» Instructions for the task
Would you copy the material below word for word, beginning with its first line and ending with the line that contains "Pier e Jacqueline"?

» Supplied material

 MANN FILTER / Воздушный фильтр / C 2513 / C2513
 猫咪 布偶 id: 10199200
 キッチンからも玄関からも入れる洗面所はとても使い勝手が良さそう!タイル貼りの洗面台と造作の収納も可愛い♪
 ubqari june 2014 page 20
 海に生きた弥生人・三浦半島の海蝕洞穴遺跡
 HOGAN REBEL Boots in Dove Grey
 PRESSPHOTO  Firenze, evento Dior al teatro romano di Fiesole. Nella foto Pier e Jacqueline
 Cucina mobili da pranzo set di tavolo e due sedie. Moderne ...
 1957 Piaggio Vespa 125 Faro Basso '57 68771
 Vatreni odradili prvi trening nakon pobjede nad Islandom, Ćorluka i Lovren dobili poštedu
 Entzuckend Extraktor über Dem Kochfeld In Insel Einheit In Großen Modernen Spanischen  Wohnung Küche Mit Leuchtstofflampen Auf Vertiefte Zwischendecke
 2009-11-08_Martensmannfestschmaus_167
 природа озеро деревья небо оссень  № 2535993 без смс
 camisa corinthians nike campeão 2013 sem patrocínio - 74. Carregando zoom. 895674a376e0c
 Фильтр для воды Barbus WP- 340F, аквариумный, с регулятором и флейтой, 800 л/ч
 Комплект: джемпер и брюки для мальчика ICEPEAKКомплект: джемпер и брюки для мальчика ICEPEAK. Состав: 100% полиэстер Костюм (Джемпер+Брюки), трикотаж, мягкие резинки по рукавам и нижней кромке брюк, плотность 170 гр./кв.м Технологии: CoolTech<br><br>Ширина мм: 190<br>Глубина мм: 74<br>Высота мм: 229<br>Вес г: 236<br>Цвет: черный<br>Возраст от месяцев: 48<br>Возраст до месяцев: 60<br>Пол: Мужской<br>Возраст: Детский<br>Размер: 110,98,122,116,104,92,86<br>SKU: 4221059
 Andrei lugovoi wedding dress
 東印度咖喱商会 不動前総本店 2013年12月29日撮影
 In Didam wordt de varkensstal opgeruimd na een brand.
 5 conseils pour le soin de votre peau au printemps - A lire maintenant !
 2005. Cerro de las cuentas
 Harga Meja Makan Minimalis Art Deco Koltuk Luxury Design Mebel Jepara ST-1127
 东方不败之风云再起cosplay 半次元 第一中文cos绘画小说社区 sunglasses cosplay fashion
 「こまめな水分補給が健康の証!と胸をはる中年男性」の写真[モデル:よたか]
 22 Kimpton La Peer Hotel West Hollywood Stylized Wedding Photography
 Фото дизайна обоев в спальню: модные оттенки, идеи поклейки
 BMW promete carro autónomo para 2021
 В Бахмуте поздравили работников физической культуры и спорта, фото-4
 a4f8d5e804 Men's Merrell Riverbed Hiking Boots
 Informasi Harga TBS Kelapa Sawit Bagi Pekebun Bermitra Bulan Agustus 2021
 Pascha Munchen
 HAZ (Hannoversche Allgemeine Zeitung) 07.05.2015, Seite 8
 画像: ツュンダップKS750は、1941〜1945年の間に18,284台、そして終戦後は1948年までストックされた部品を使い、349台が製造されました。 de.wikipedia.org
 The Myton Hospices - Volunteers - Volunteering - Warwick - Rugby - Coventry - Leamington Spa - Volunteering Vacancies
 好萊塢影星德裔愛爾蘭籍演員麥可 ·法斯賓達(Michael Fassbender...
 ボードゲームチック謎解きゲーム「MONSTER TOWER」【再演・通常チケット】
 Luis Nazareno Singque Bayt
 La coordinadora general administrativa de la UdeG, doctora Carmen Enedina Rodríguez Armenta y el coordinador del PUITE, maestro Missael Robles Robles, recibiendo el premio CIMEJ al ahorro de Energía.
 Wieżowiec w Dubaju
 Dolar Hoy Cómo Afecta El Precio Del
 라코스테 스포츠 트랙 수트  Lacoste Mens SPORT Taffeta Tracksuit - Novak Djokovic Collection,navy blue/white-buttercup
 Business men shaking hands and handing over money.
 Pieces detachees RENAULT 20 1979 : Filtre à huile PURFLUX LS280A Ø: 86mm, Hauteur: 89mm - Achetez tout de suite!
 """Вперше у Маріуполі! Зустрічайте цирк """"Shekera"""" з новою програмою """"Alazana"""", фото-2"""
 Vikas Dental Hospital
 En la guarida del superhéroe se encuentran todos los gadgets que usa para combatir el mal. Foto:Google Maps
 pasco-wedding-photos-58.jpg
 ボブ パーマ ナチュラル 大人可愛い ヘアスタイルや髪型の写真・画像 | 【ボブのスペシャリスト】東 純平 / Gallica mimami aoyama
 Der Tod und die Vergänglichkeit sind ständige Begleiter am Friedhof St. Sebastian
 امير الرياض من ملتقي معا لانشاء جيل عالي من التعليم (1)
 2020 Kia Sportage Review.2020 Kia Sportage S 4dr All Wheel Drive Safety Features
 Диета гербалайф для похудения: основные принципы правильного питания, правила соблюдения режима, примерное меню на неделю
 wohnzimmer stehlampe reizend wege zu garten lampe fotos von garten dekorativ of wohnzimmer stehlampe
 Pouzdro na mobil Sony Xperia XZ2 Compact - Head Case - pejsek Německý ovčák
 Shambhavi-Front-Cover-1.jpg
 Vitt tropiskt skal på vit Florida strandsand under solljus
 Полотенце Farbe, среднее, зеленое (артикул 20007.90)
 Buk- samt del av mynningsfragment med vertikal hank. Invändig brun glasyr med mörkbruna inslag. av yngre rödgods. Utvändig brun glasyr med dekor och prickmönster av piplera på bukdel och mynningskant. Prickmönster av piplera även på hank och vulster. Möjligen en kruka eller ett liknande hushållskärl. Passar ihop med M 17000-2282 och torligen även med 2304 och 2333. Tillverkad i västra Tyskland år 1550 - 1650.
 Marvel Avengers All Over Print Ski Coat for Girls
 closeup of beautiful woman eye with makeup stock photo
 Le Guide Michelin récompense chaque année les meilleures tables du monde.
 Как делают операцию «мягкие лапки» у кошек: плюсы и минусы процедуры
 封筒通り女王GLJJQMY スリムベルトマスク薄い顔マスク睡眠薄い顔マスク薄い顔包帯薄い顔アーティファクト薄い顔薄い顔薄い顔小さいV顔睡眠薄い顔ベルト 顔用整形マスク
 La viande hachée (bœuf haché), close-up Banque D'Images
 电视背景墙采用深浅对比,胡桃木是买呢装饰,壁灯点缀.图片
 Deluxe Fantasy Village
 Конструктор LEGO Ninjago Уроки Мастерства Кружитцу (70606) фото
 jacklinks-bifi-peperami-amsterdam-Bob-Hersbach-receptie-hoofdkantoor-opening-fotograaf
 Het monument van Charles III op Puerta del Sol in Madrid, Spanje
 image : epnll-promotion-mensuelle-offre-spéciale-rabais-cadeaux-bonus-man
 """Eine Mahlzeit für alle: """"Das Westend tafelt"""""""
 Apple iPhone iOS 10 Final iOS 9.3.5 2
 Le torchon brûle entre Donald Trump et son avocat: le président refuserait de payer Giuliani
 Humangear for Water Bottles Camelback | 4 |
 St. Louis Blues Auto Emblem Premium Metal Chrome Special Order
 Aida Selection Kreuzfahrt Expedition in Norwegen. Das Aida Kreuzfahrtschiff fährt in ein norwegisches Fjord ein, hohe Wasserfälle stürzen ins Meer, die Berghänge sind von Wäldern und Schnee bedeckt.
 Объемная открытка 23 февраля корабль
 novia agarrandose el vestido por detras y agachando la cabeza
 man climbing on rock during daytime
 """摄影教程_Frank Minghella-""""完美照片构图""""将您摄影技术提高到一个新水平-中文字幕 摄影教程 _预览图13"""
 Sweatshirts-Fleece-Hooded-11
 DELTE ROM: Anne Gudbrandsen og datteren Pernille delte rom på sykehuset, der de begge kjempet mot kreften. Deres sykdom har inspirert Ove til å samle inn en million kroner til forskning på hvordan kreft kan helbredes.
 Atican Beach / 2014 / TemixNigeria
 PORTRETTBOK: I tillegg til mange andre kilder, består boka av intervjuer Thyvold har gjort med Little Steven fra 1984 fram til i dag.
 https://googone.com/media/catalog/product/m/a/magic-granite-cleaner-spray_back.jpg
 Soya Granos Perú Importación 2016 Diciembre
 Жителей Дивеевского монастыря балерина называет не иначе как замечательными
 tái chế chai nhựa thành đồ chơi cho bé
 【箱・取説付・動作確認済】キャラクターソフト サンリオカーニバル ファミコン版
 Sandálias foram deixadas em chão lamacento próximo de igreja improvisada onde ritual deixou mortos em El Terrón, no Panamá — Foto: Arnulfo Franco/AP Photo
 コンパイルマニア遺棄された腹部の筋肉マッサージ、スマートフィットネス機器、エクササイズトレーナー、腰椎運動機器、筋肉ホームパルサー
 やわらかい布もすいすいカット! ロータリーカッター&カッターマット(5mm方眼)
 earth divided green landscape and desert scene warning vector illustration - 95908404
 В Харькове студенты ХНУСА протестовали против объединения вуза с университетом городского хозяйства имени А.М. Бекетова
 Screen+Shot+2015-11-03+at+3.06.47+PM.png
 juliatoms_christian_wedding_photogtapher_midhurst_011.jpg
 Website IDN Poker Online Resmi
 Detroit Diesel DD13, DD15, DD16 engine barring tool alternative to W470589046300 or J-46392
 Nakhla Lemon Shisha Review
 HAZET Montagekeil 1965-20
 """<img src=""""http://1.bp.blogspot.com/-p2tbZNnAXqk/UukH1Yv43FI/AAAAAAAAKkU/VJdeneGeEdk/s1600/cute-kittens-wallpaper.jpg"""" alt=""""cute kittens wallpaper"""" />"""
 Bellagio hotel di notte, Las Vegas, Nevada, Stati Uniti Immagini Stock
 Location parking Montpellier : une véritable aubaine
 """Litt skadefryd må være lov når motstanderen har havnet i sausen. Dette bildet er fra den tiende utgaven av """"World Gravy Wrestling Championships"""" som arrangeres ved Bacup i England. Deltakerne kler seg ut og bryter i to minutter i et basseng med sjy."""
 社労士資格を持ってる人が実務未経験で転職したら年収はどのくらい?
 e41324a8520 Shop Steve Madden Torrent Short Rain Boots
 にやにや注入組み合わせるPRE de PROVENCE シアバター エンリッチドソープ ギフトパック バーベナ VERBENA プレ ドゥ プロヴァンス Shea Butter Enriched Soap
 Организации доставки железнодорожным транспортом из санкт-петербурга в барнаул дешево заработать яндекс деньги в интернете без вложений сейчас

» Result
 MANN FILTER / Воздушный фильтр / C 2513 / C2513
 猫咪 布偶 id: 10199200
 キッチンからも玄関からも入れる洗面所はとても使い勝手が良さそう!タイル貼りの洗面台と造作の収納も可愛い♪
 ubqari june 2014 page 20
 海に生きた弥生人・三浦半島の海蝕洞穴遺跡
 HOGAN REBEL Boots in Dove Grey
 PRESSPHOTO  Firenze, evento Dior al teatro romano di Fiesole. Nella foto Pier e Jacqueline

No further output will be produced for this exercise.